> What is required
The whole listing, pictures aside, should be reproduced exactly.

> Available data
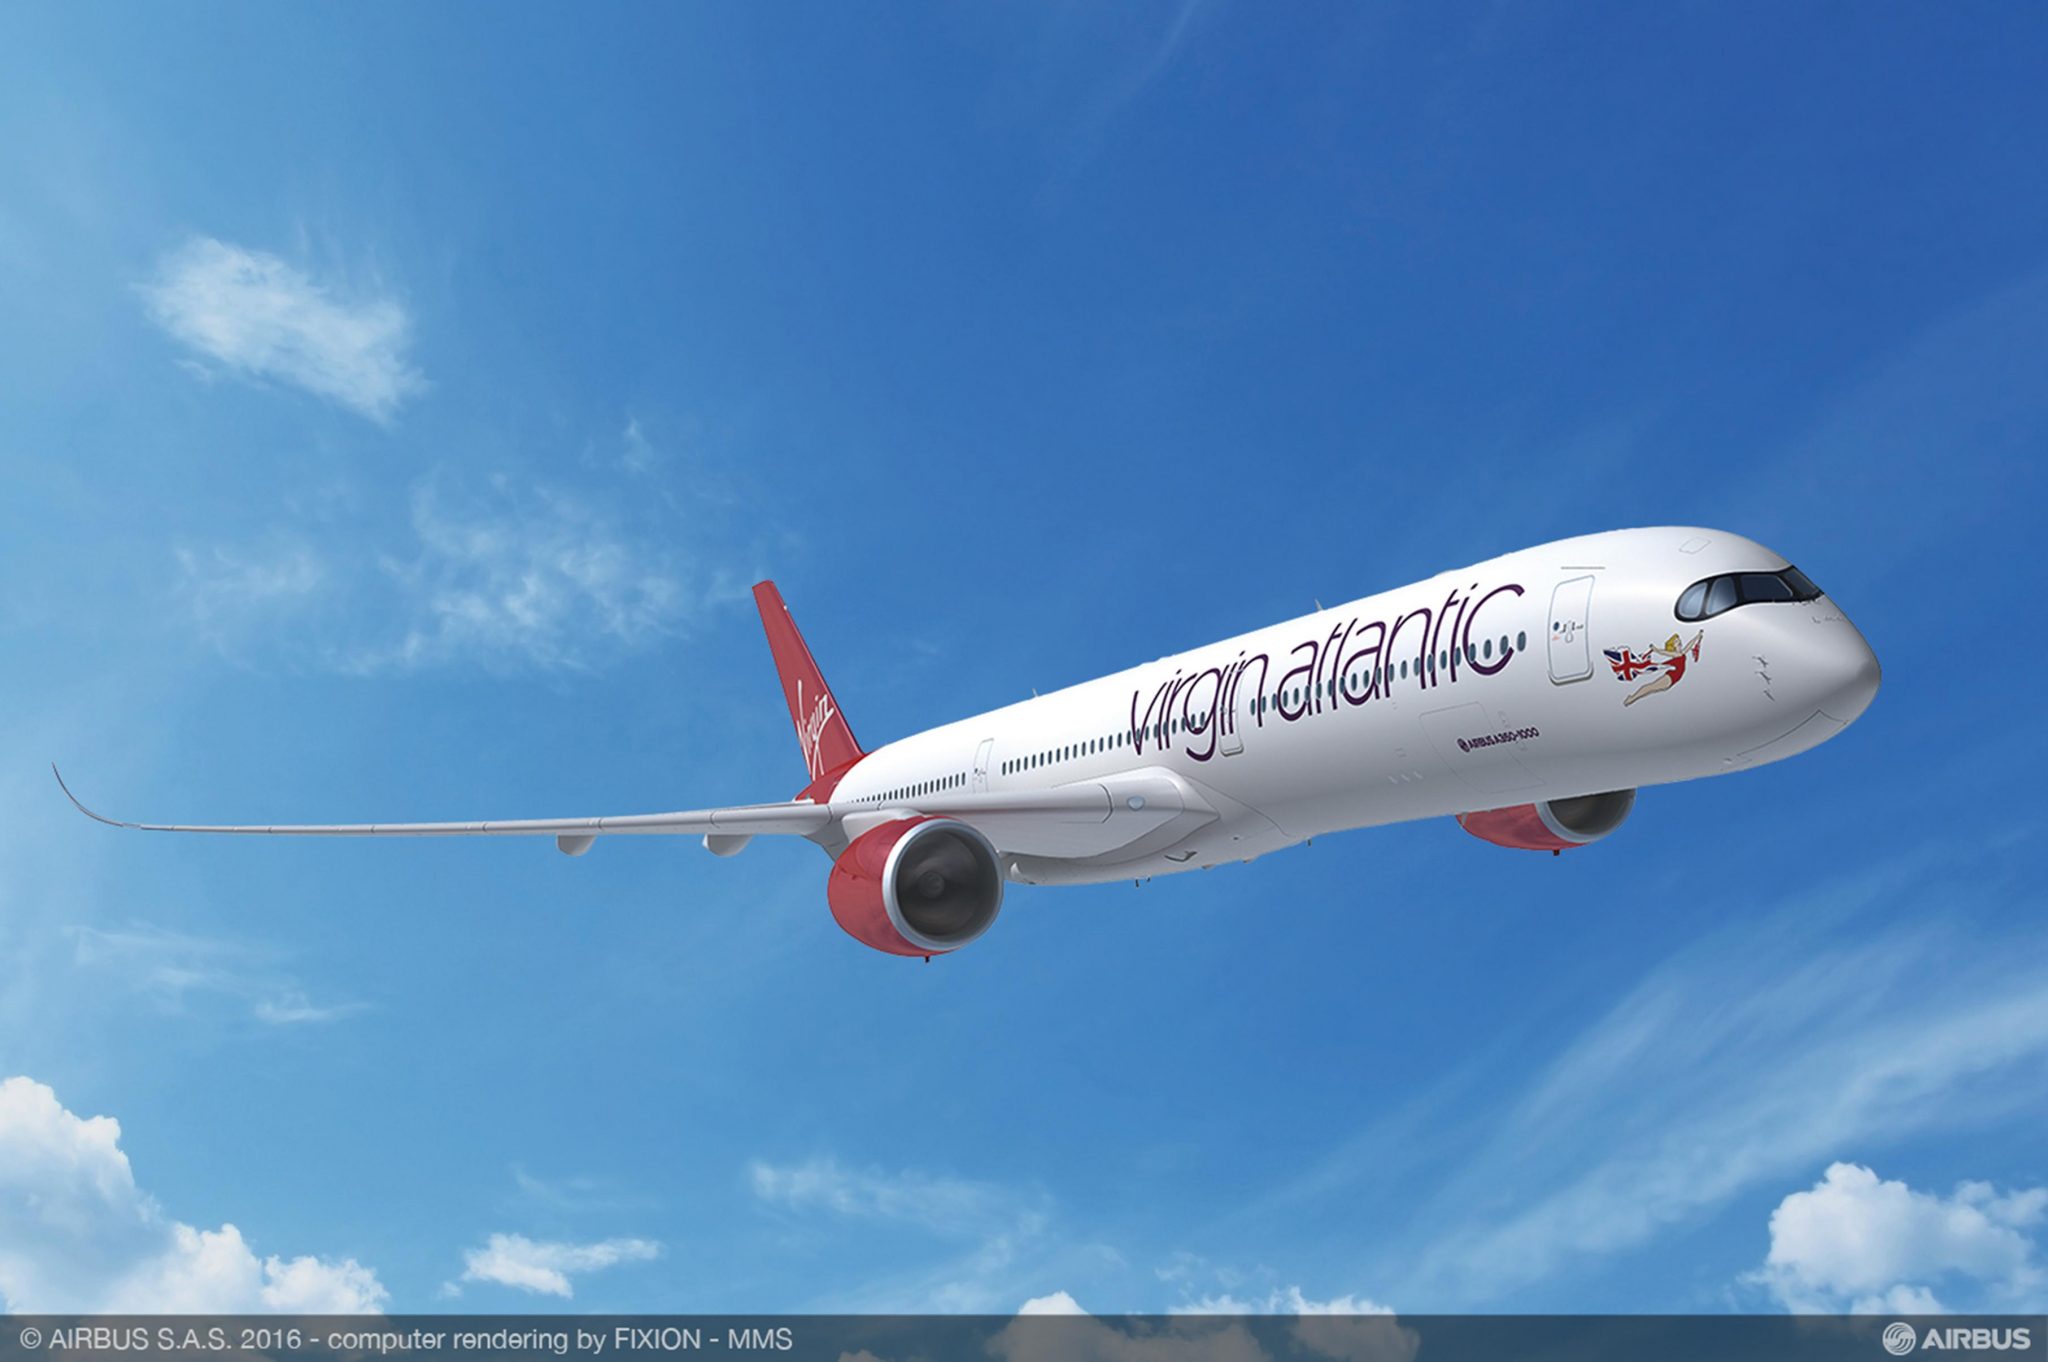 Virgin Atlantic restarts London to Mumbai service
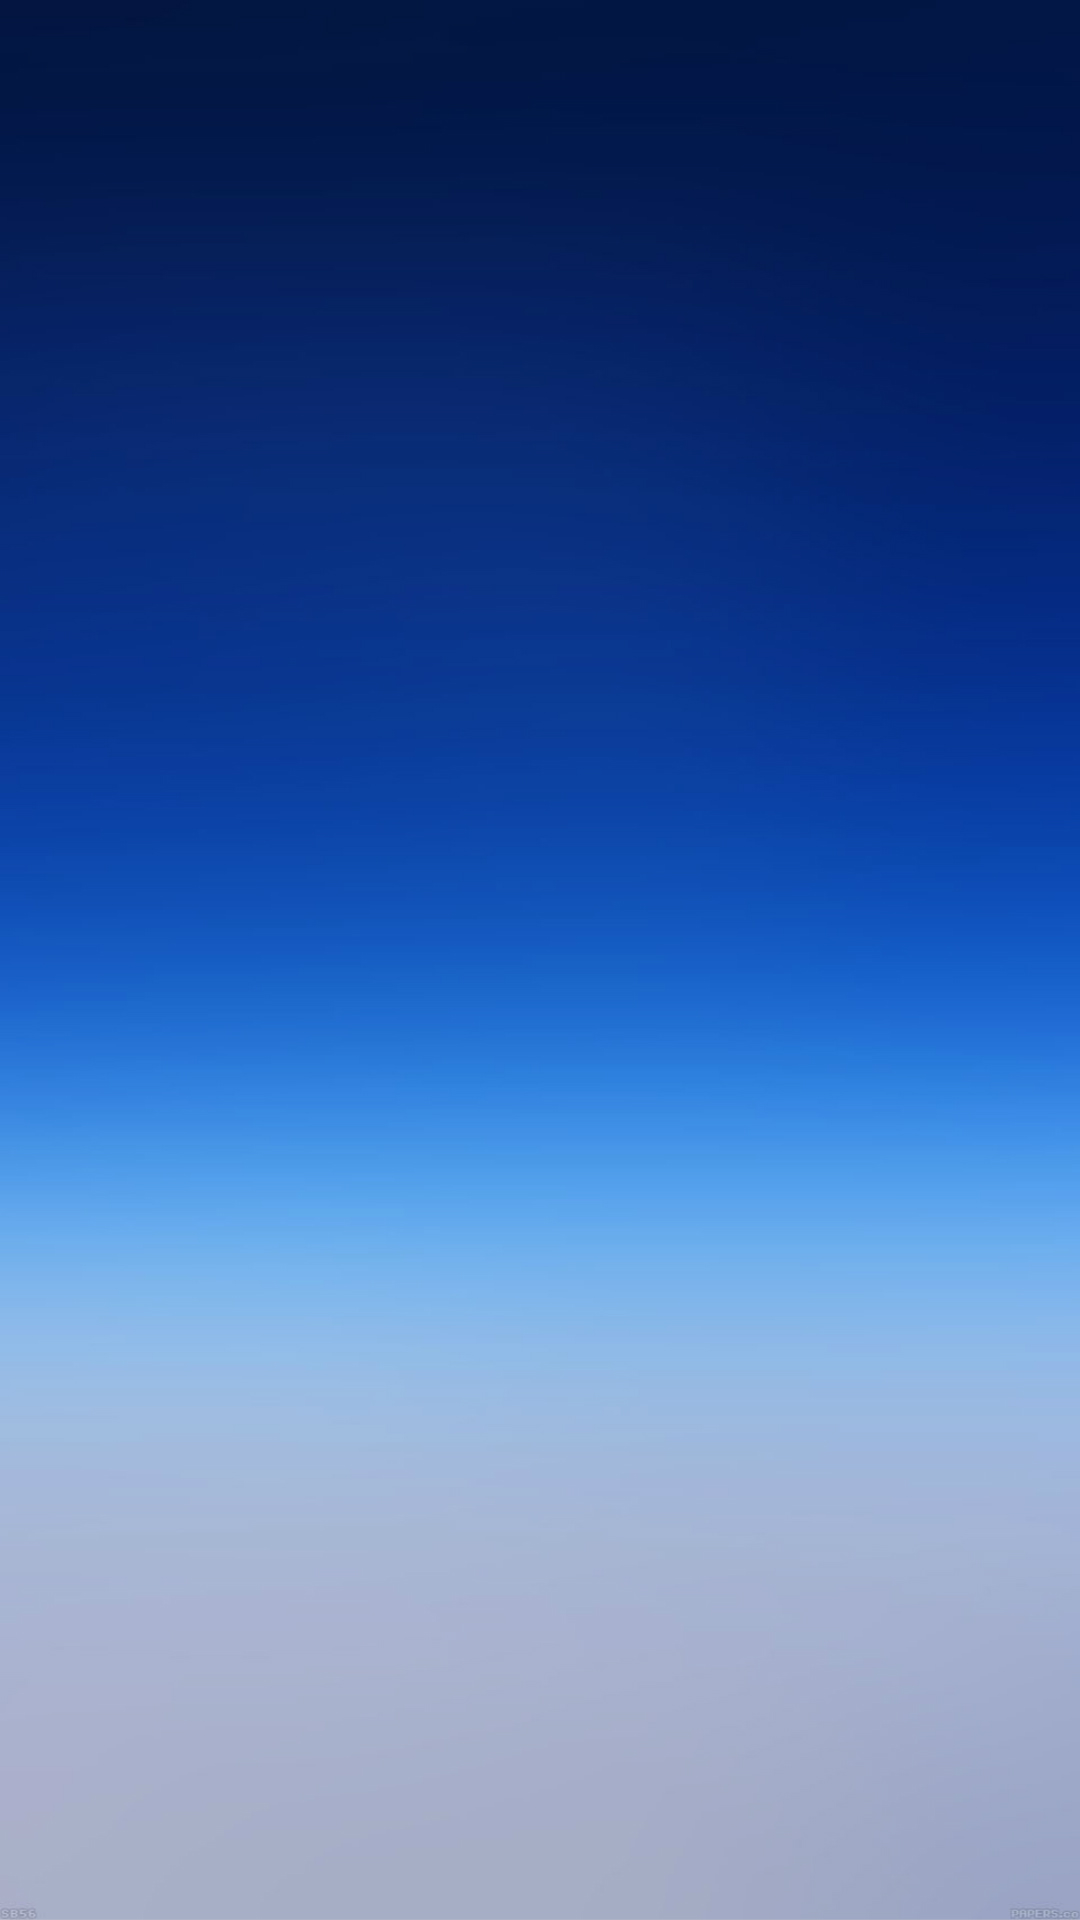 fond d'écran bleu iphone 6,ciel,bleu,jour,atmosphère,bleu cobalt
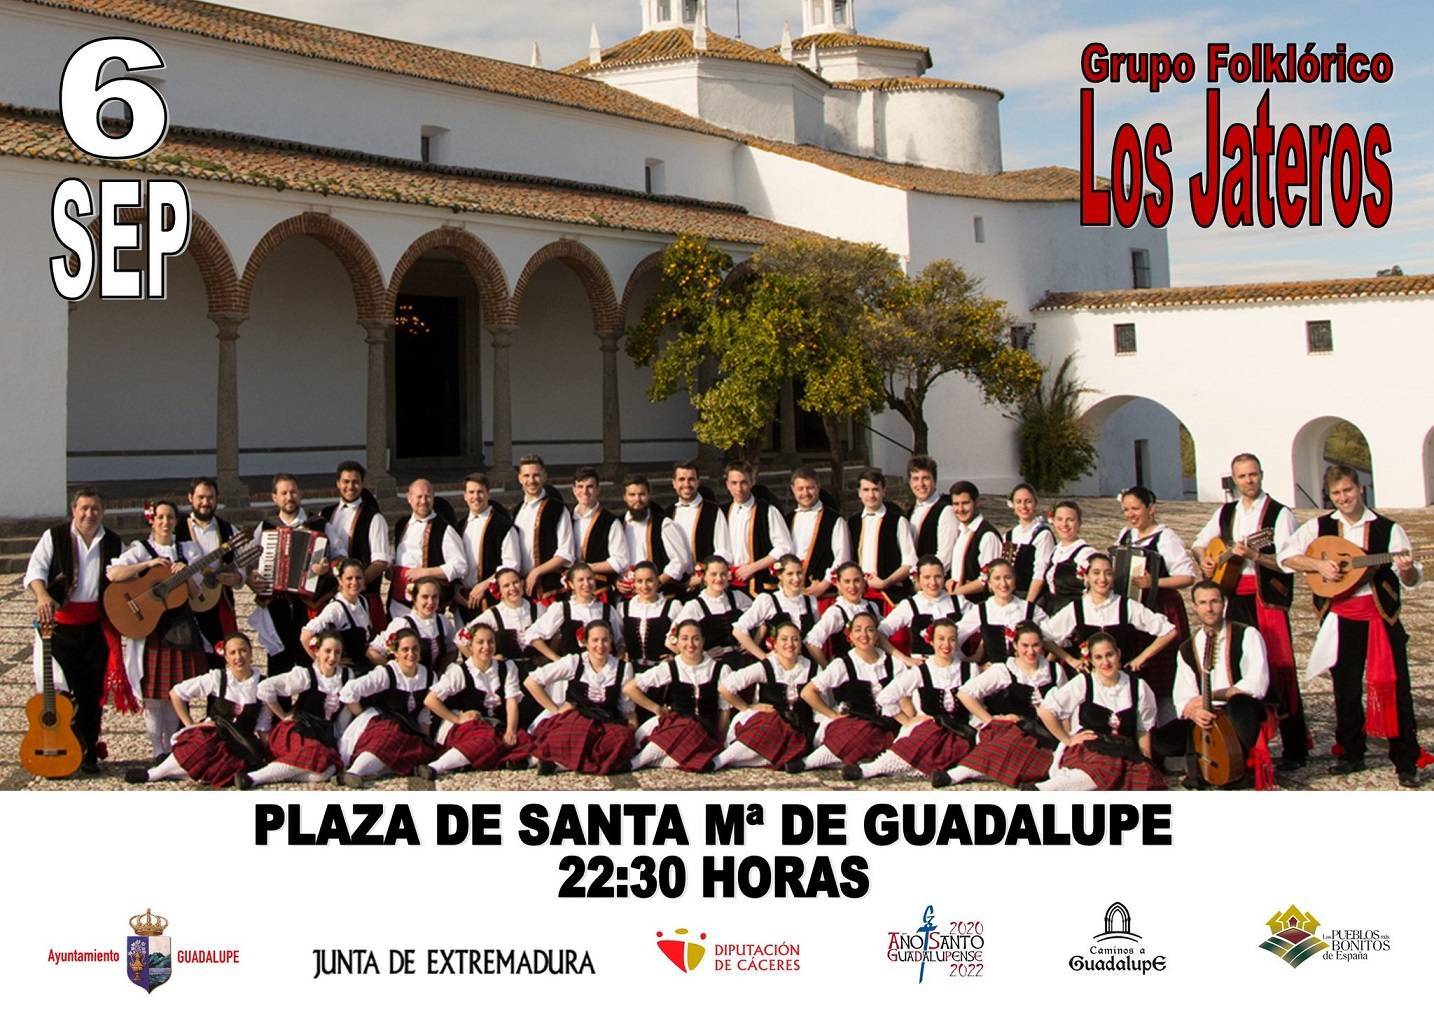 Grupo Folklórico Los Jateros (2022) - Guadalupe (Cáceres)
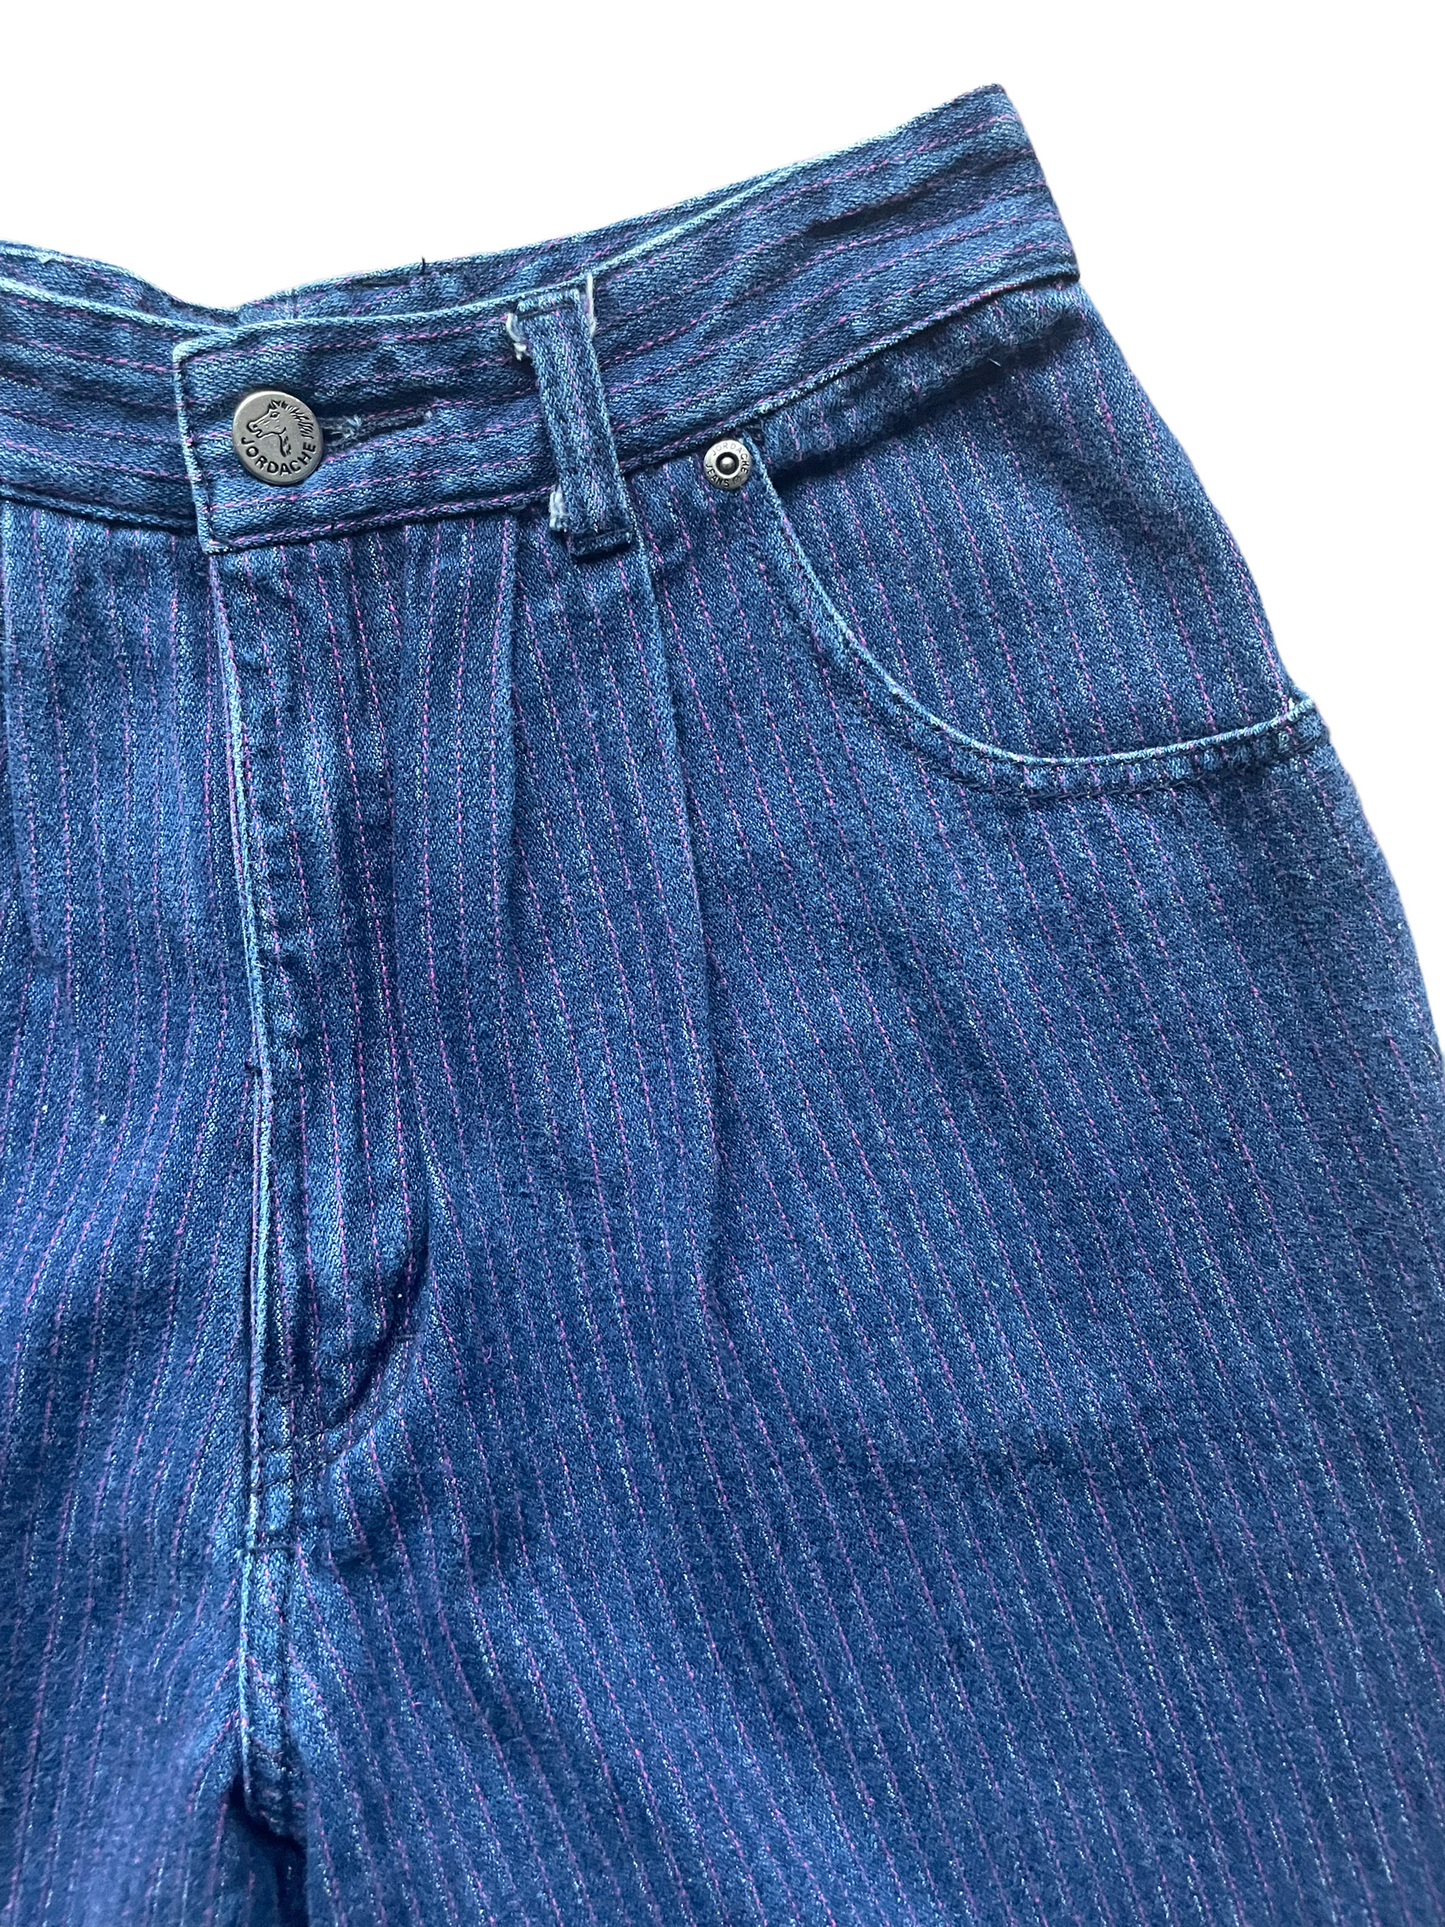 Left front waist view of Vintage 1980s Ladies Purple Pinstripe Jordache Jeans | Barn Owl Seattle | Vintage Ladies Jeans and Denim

> Answer to this exercise
 Virgin Atlantic restarts London to Mumbai service
 fond d'écran bleu iphone 6,ciel,bleu,jour,atmosphère,bleu cobalt
 Grupo Folklórico Los Jateros (2022) - Guadalupe (Cáceres)
 Left front waist view of Vintage 1980s Ladies Purple Pinstripe Jordache Jeans | Barn Owl Seattle | Vintage Ladies Jeans and Denim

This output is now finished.